--- What the task requires ---
The required output is the stretch from the line containing "Hand-Knotted Vintage Turkish" through the line containing "Nilight 120 Pcs/60" in the records below, unaltered and with no pictures.

--- Data for this exercise ---
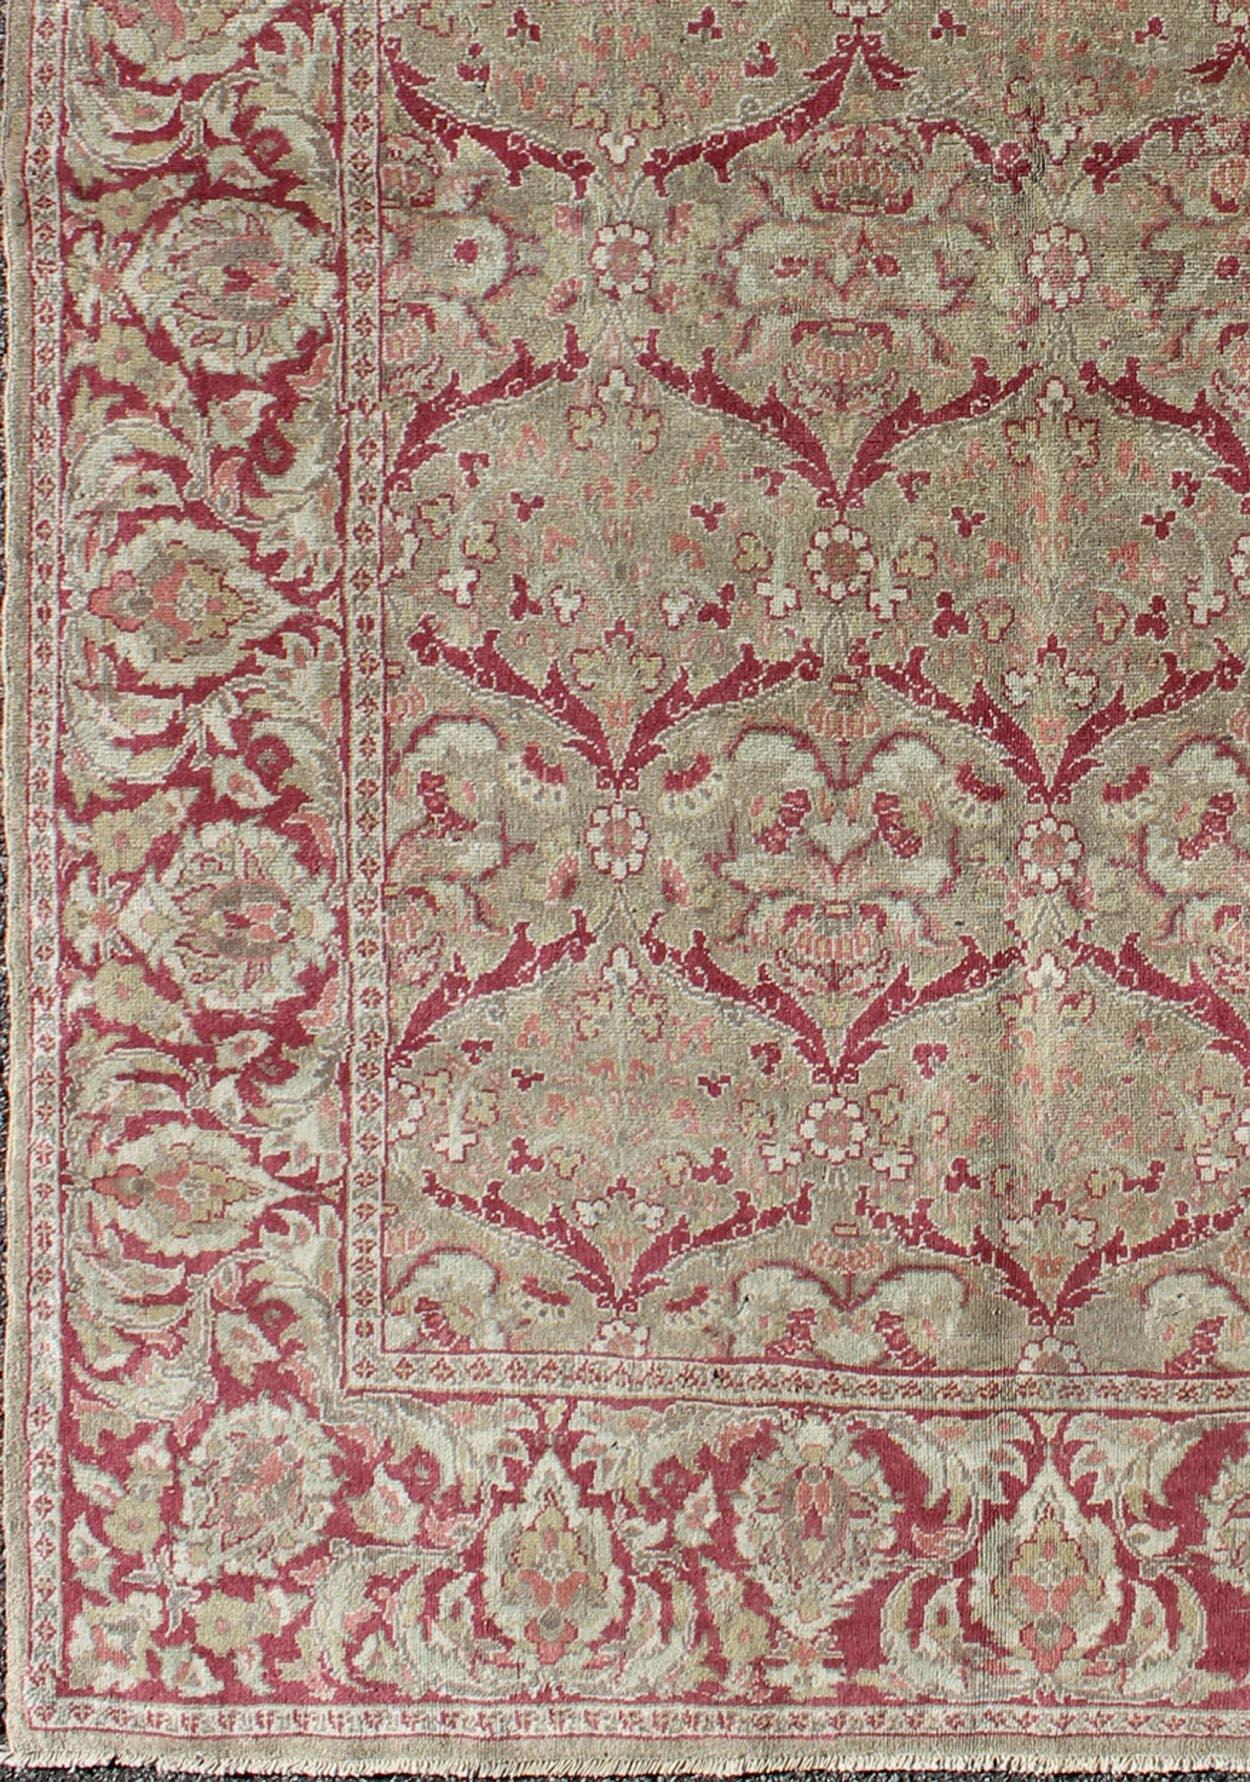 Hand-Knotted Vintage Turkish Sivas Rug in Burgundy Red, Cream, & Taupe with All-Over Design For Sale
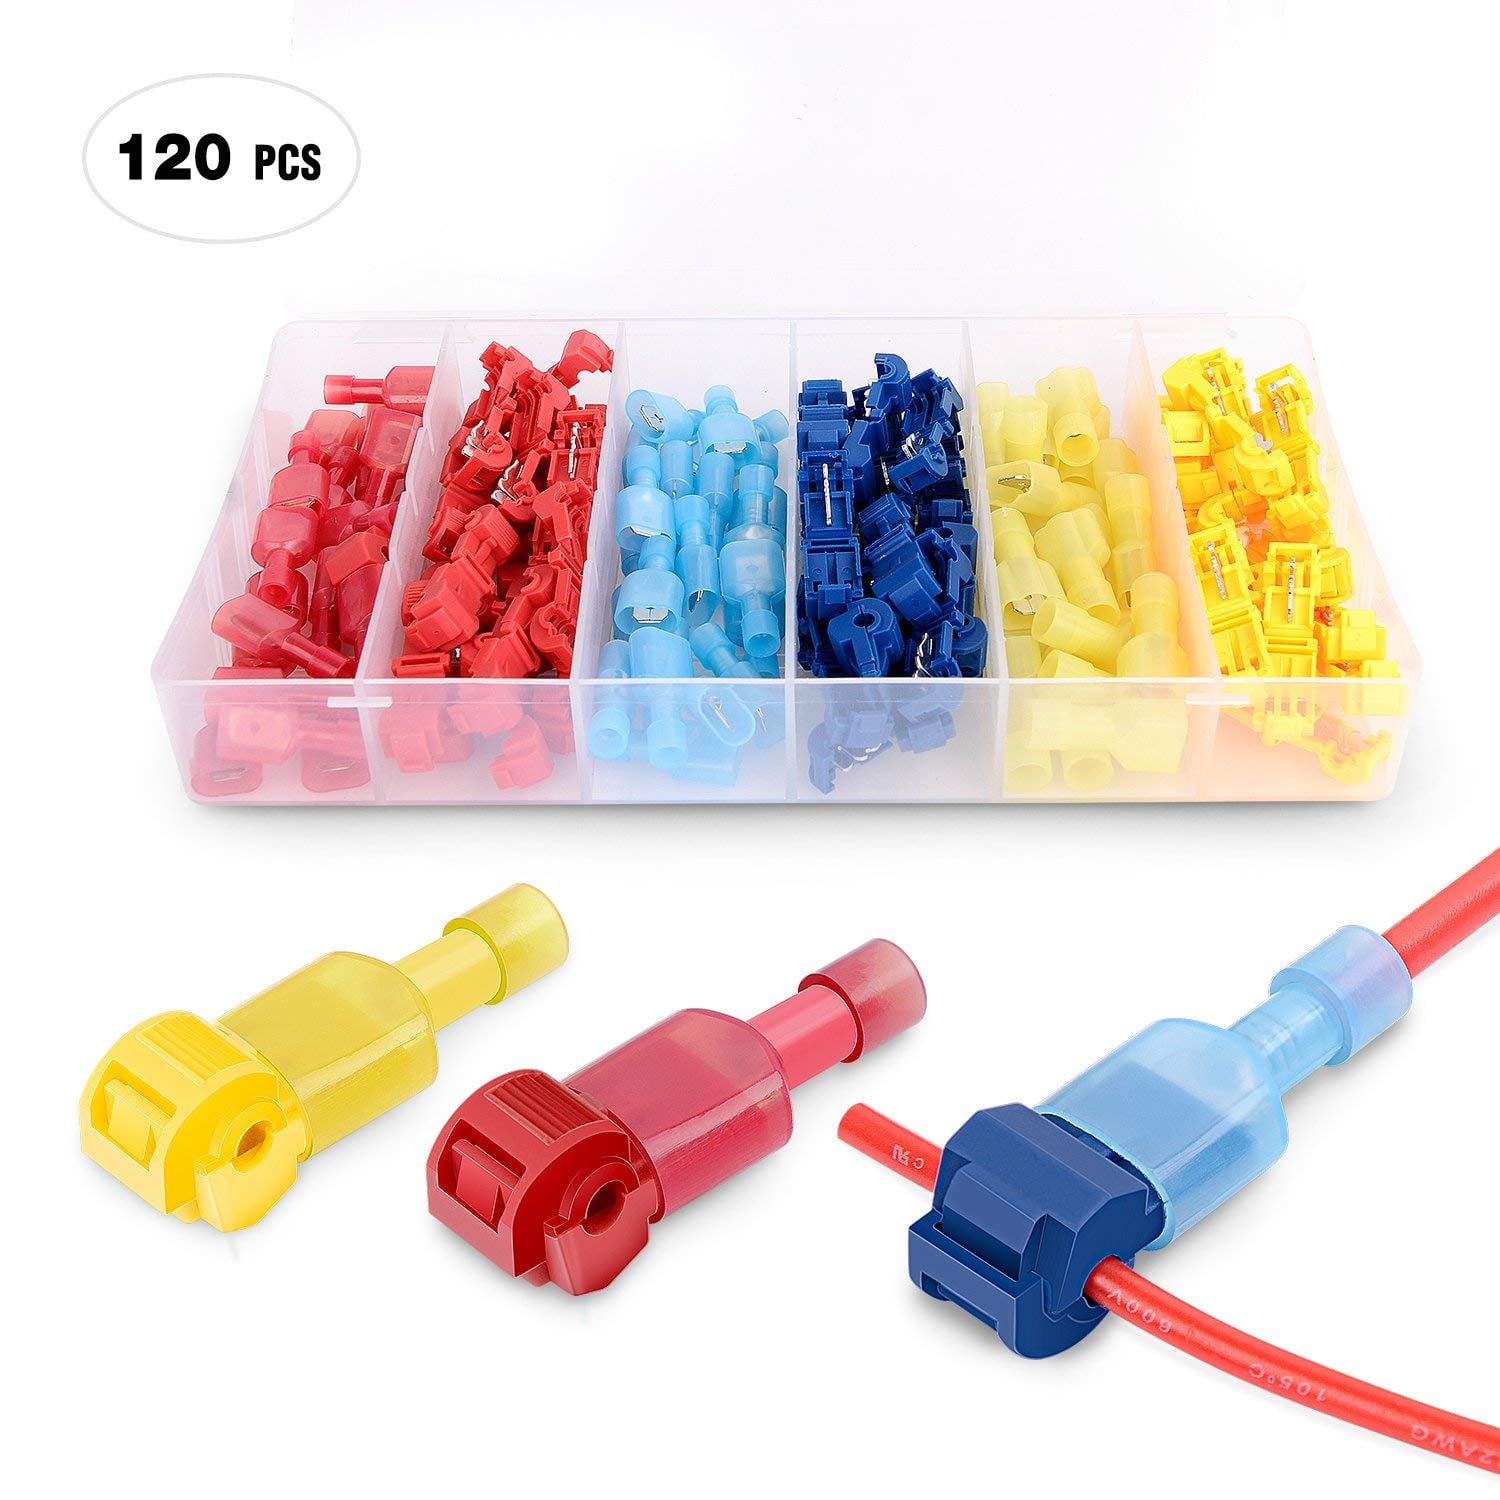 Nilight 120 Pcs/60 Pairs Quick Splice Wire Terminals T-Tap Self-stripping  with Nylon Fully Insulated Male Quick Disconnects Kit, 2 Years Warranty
* * *
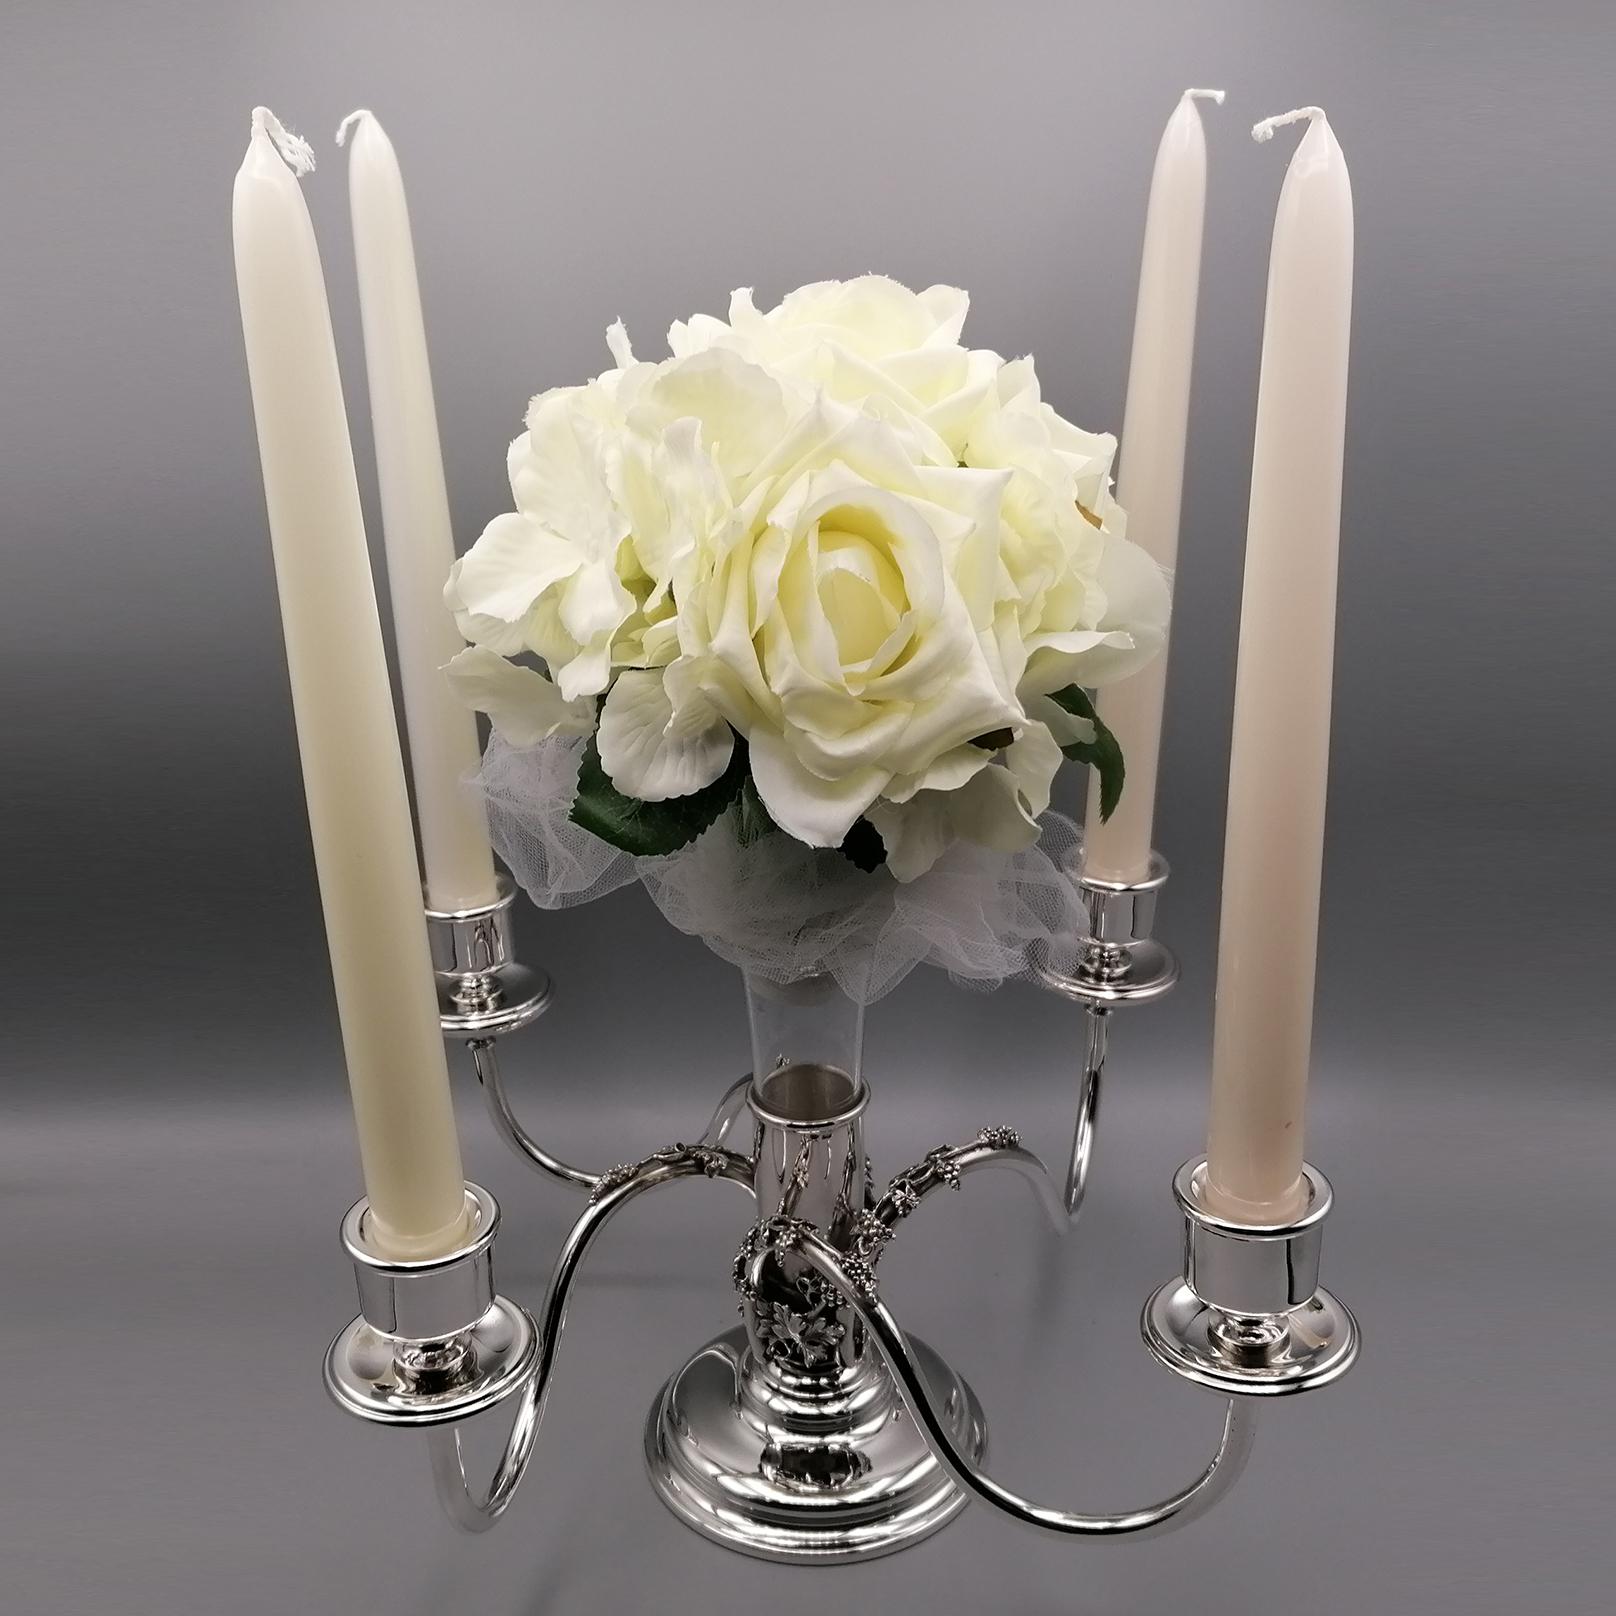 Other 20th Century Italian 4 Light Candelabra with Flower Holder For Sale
...
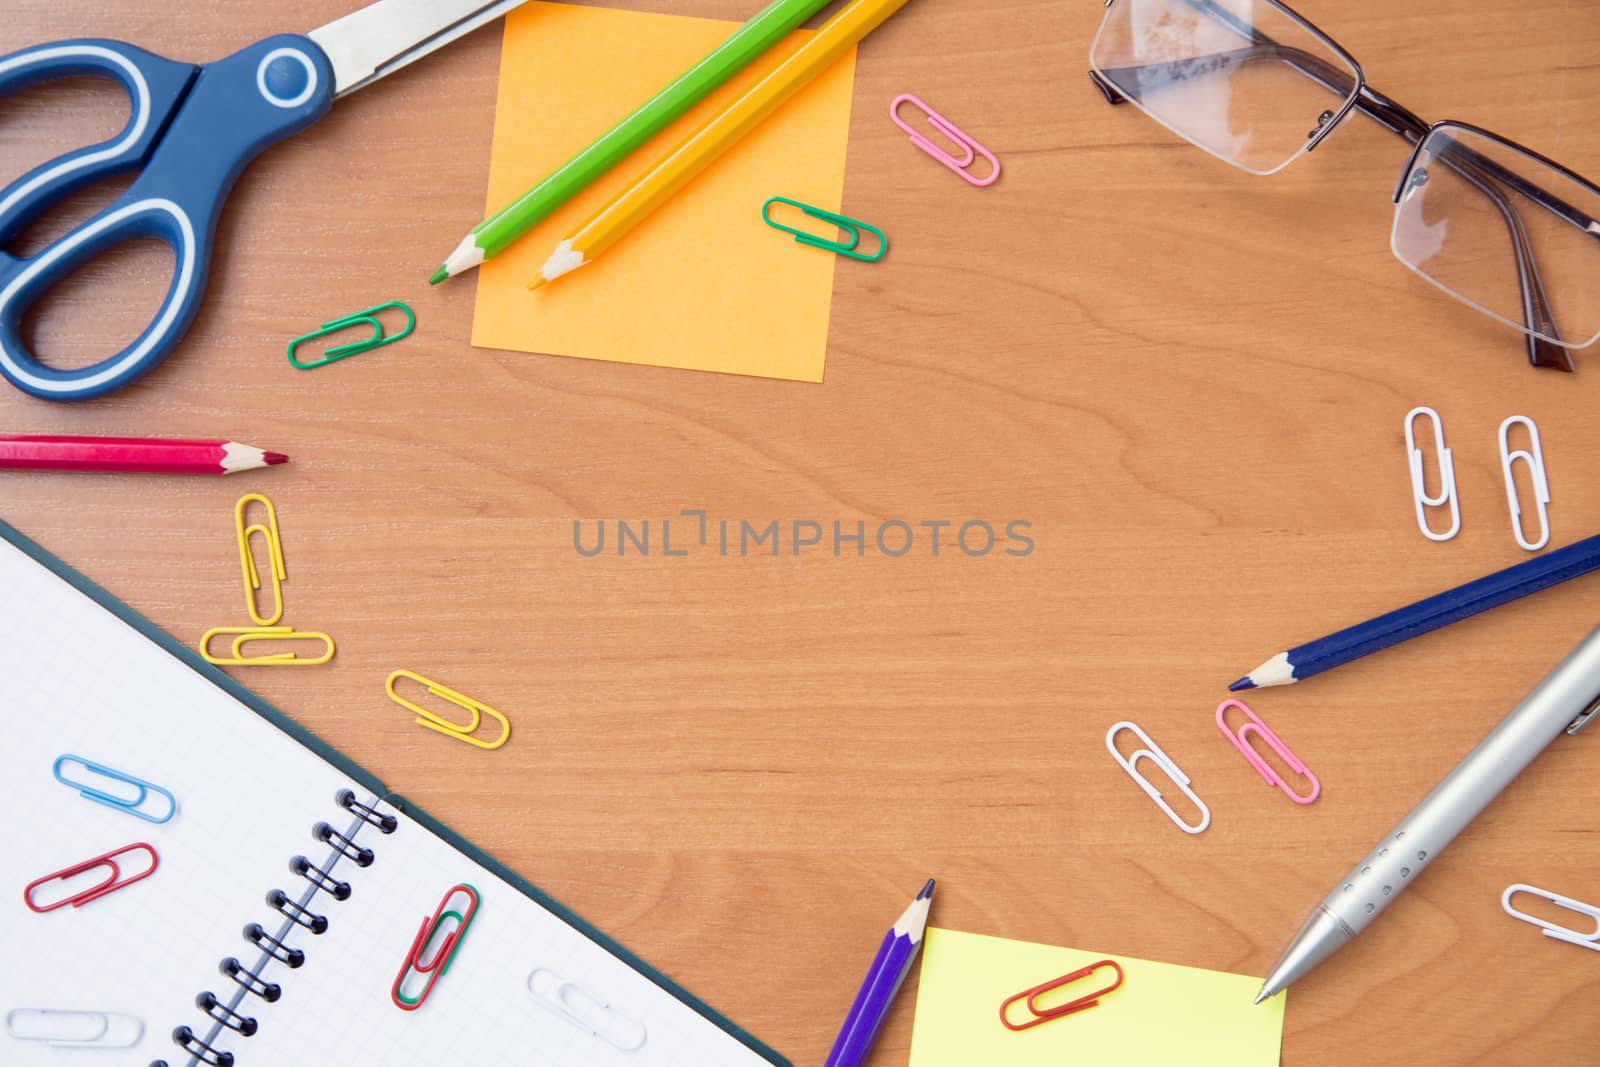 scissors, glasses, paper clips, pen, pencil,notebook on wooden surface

--- Exercise output ---
 Hand-Knotted Vintage Turkish Sivas Rug in Burgundy Red, Cream, & Taupe with All-Over Design For Sale
 Nilight 120 Pcs/60 Pairs Quick Splice Wire Terminals T-Tap Self-stripping  with Nylon Fully Insulated Male Quick Disconnects Kit, 2 Years Warranty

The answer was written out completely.